El crítico y escritor Manuel Rico considera reveladora la elección de Celaya para el estreno de El Bardo:"Batlló apuntaba alto en cuanto a nombres y delimitaba una sensibilidad dominante: poesía de calidad que mirara al mundo. Es decir, inconformismo, apuesta por la libertad de creación y de expresión, huida de las convenciones asumiendo una inevitable pugna con la censura, compromiso cívico y literario, en definitiva". Abruma la lista de autores que vendrían después: Vicente Aleixandre, Pere Gimferrer –que entonces firmaba como Pedro–, Antonio Carvajal, Ángel González, Gloria Fuertes, José Agustín Goytisolo o Ana María Moix sólo fueron algunas de las voces a las que dio cobijo El Bardo. Gimferrer y Carvajal, como reconoce Amelia Romero en una entrevista realizada por Concha García, eran "dos perfectos desconocidos" en aquel momento, la prueba del "olfato que Batlló tuvo para la poesía".
Este escritor en los márgenes –al que pesó, según declaran Romero y Guerra en el catálogo de la muestra, que sus versos no fueran suficientemente reconocidos– demostró su sensibilidad y perspicacia en algunas antologías que componen, para Manuel Rico, "una suerte de cartografía de la vitalidad de la poesía española de aquellos años". Su interés en tender puentes trascendió su colección, pródiga en autores hispanoamericanos: hay poemas suyos en la revista procomunista italiana Il Canguro o en Éxodo, que dirigía Vélez Nieto en Frankfurt.

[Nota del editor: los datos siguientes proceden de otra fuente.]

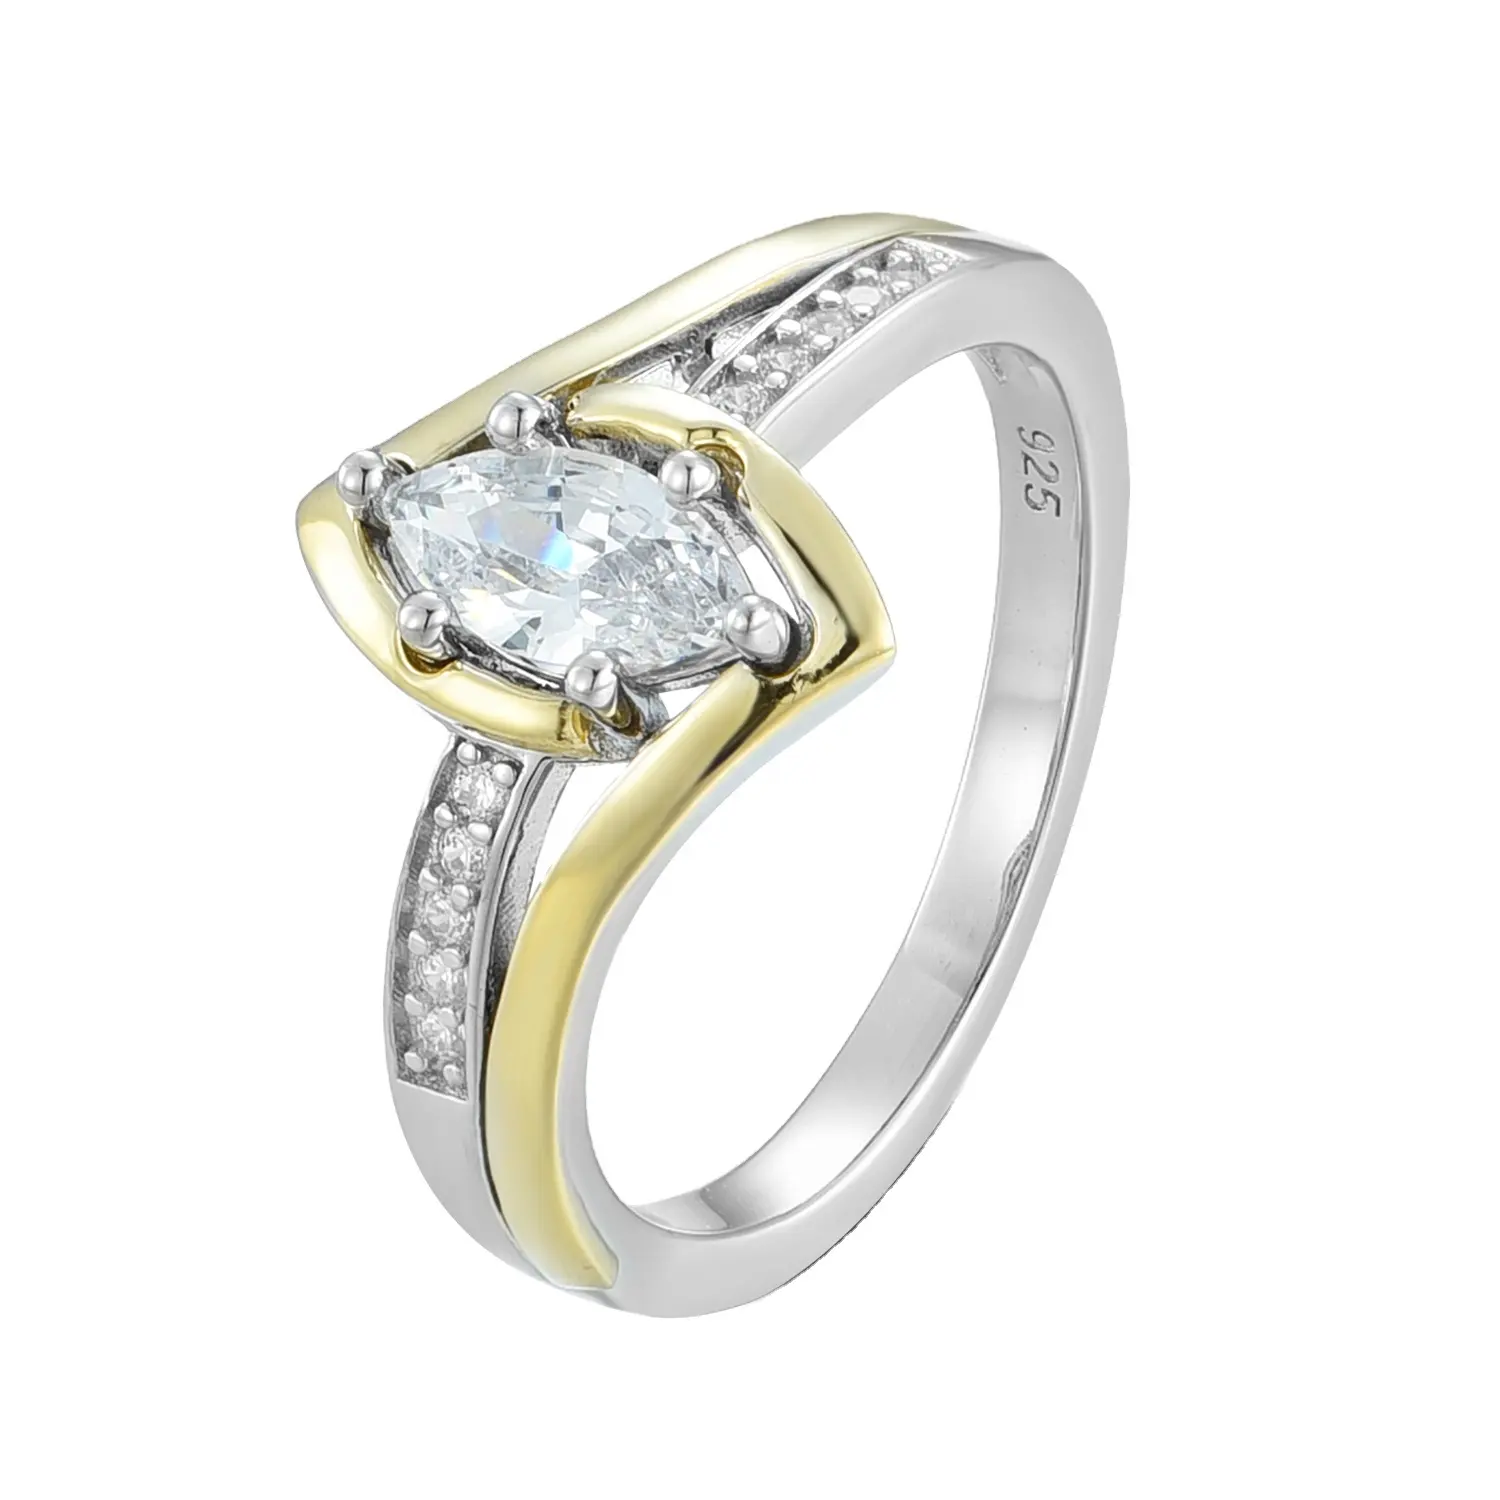 Anillos de compromiso minimalistas de plata 925 para mujer, anillo de oro bicolor de 2 gramos, diseño de anillo de moissanita Marquesa

Entre el material que se ha reunido para la exposición, que puede verse en Sevilla hasta el 29 de mayo, destaca la correspondencia que Batlló mantuvo con Caballero Bonald y con Max Aub. José Jurado Morales cree que en el acercamiento a este último radica "uno de los méritos del editor: publicar en el tardofranquismo a un exiliado de la envergadura simbólica, literaria y política, de Max Aub". Las cartas con el autor de El laberinto mágico alcanzan una estimulante intimidad: al hacerle partícipe Batlló de las desastrosas cuentas de El Bardo, Aub sentencia, sin rodeos: "Es usted un mal editor, en el sentido económico".